TUESDAY, Sept. 11, 2018 (American Heart Association) -- Peter Woods hardly called in sick back when he worked for the New York Police Department. Then terrorists attacked the World Trade Center, creating a noxious cloud of finite glass, cancer-causing chemicals and other pollutants that hovered for months around ground zero.
"I was healthy before 9/11," said Woods, a retired police sergeant whose simple statement echoes thousands of others expressed by first responders and volunteers who helped with rescue and cleanup efforts. "I was as healthy as a horse."
But within a few years of Sept. 11, Woods was diagnosed with sarcoidosis, an inflammatory disease that often affects the lungs and lymph nodes in the chest, as well as sinusitis and sleep apnea. All are conditions recognized and covered by the federally funded World Trade Center Health Program.
But Woods, 57, also developed kidney disease, and then heart disease, two serious conditions that aren't. He fears what other ailments might eventually emerge for him and others in his position.
Researchers so far have linked respiratory illnesses, certain types of cancer, acid reflux, sleep apnea, post-traumatic stress disorder to the collapse of the World Trade Center on Sept. 11, 2001.

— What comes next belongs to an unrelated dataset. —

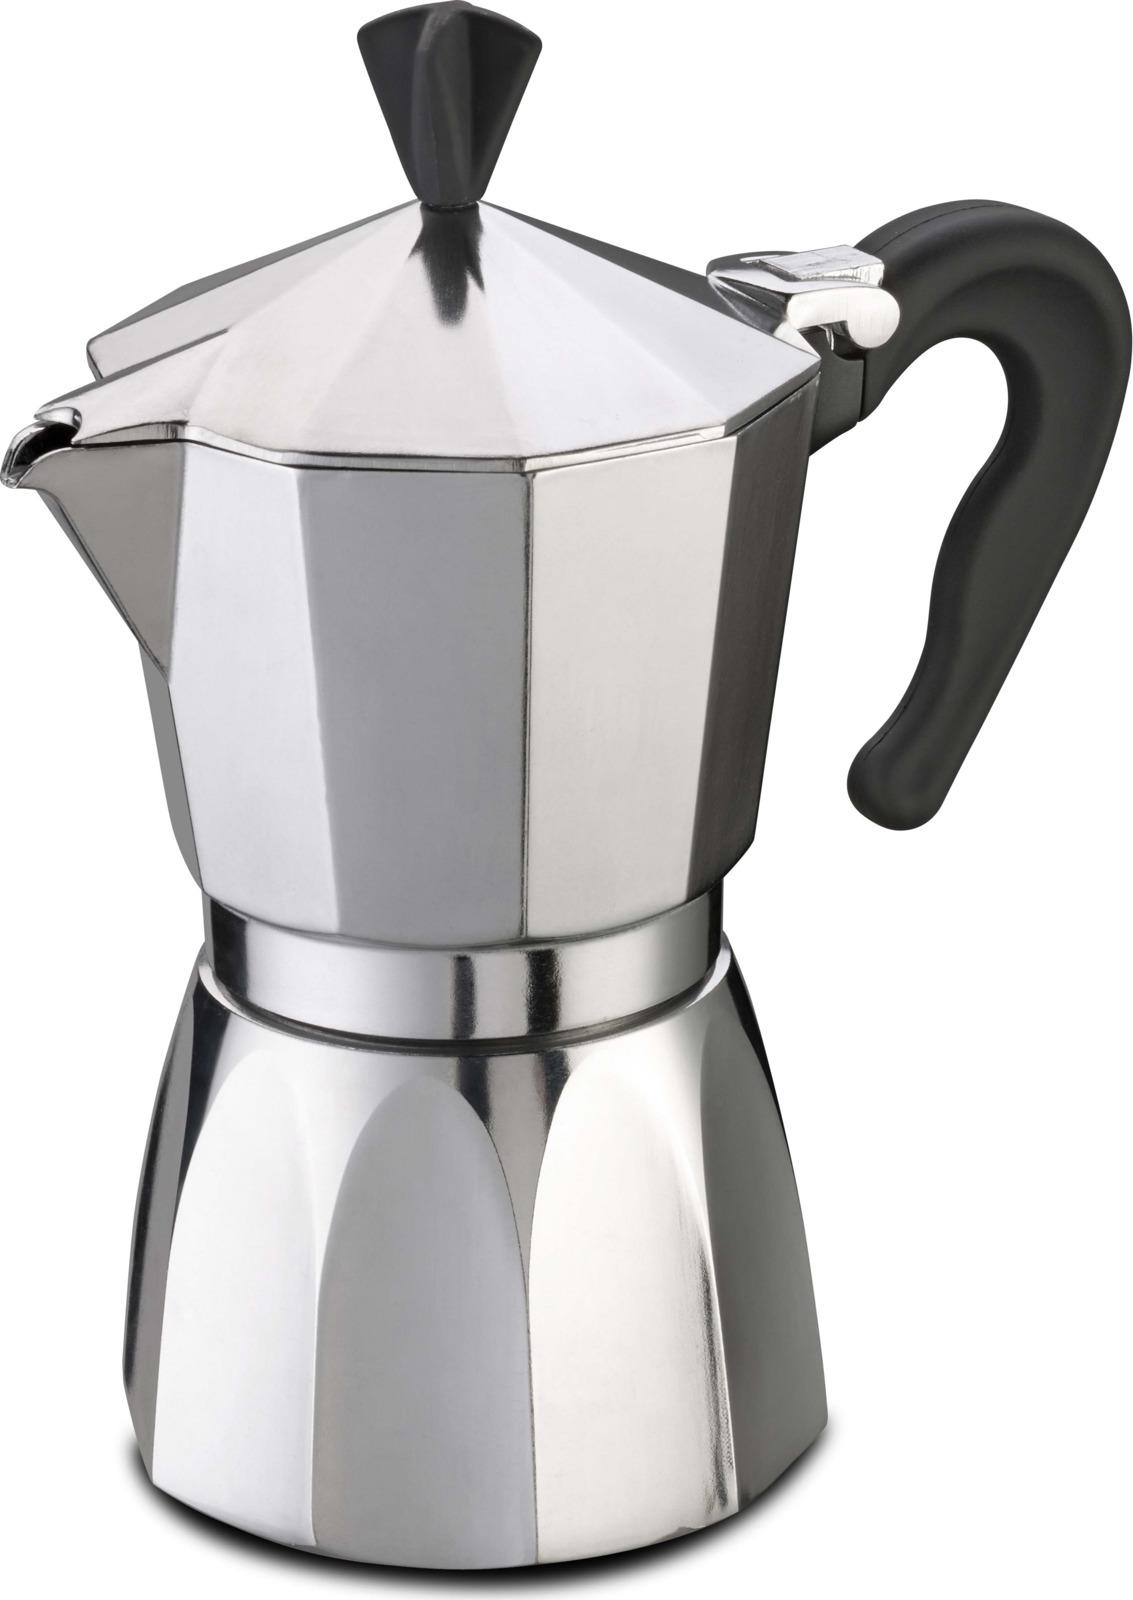 Гейзерная кофеварка Supermoka, Алюминий цены
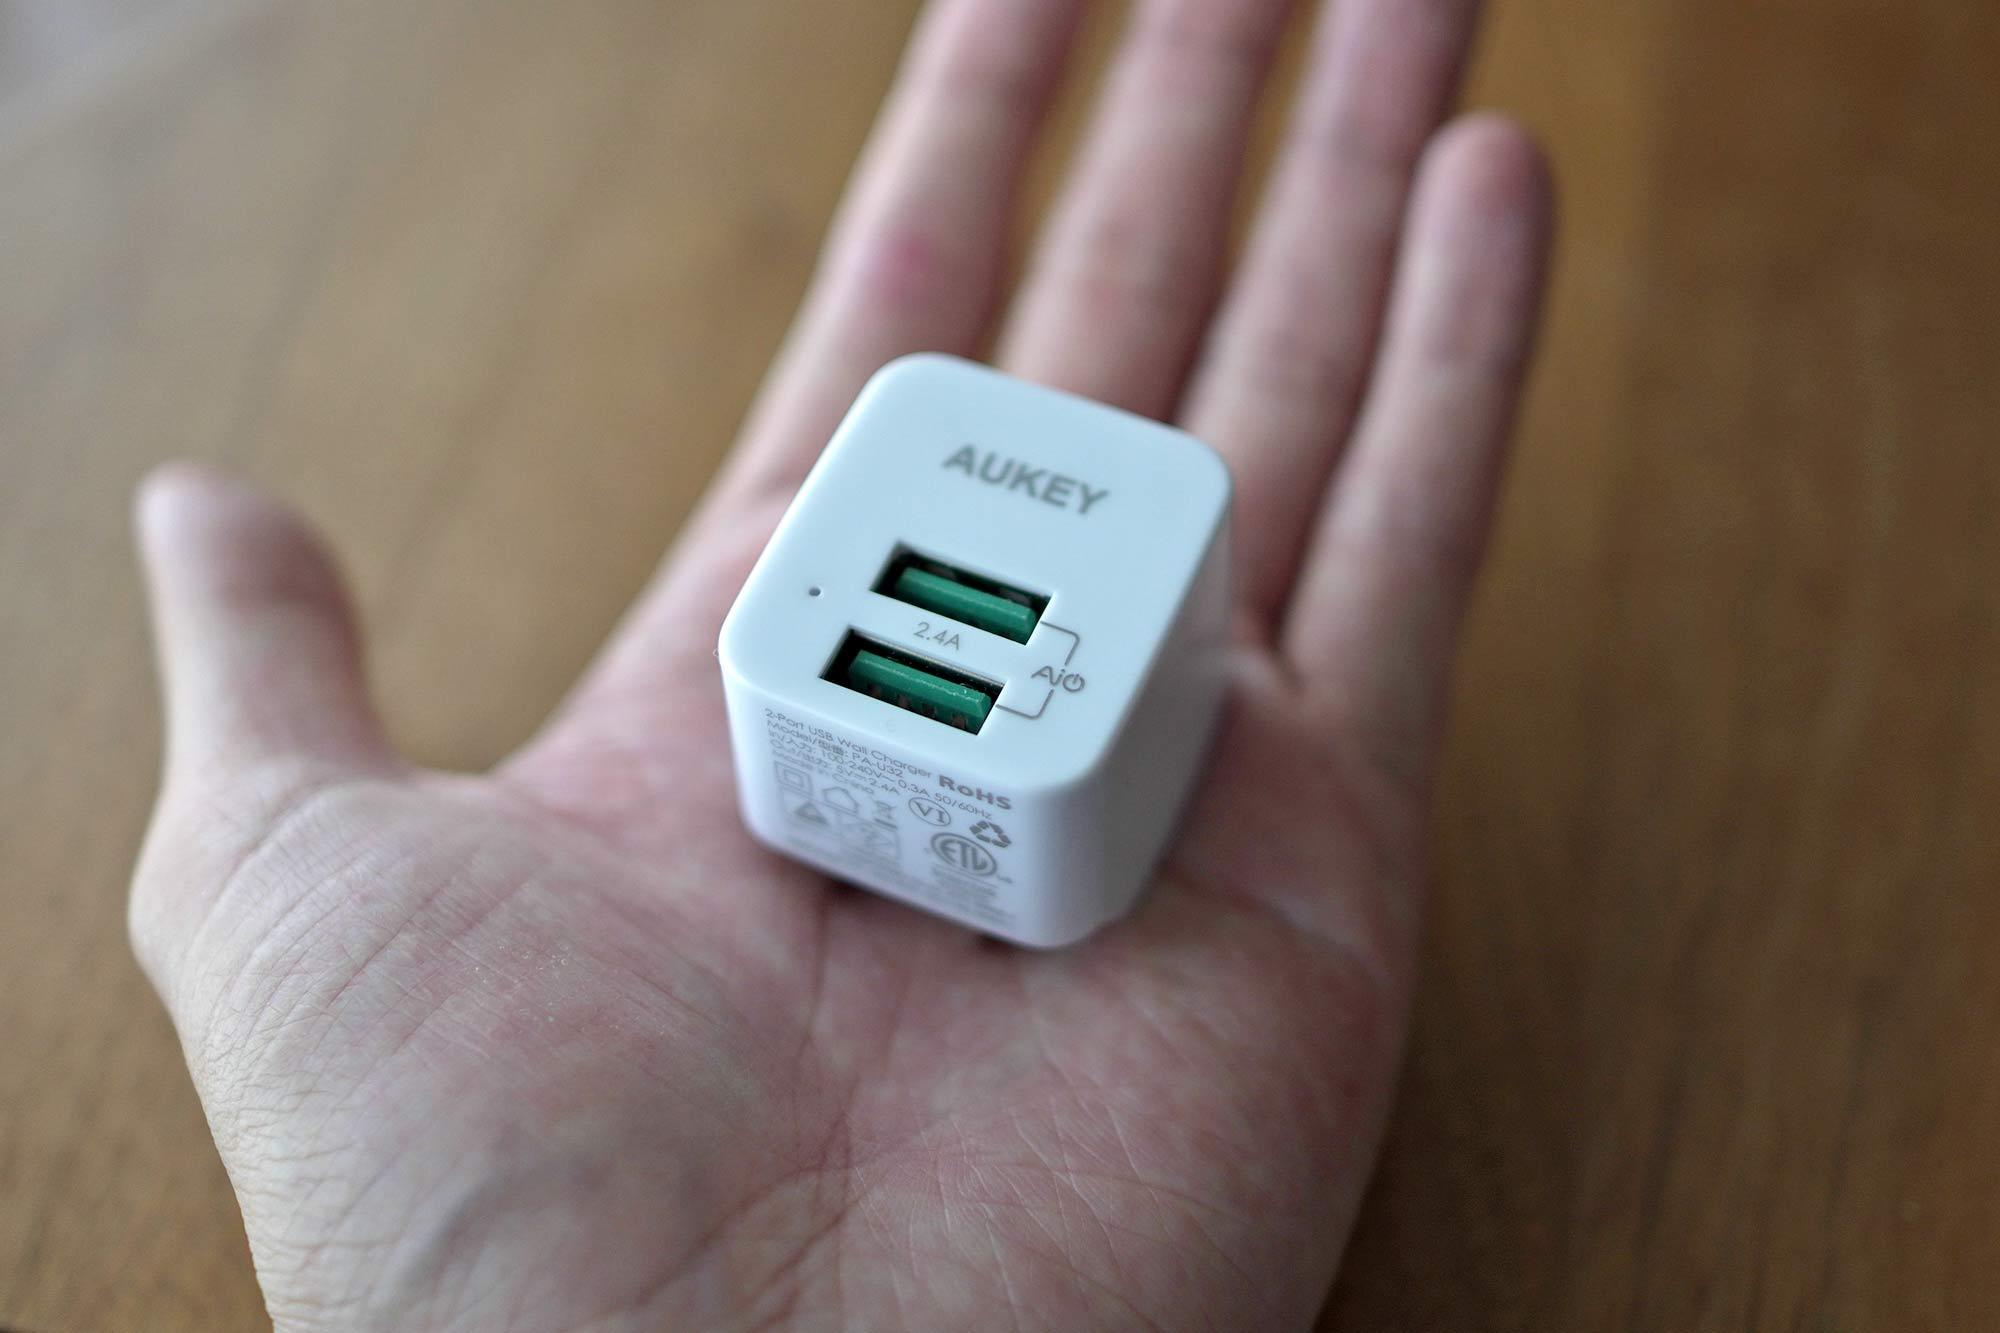 AUKEY,オーキー,充電器,急速充電,USB,2ポート,小型,軽量,軽い

Many of the problems centered around the enormous dust cloud created by the fall of the twin towers. Fires on the ground scorched for days, adding burnt carcinogenic particles to air already filled with asbestos, fiberglass and other deadly chemicals.
More recently, studies have found some 9/11 survivors who have post-traumatic stress disorder are more likely than survivors without PTSD to have strokes and heart attacks.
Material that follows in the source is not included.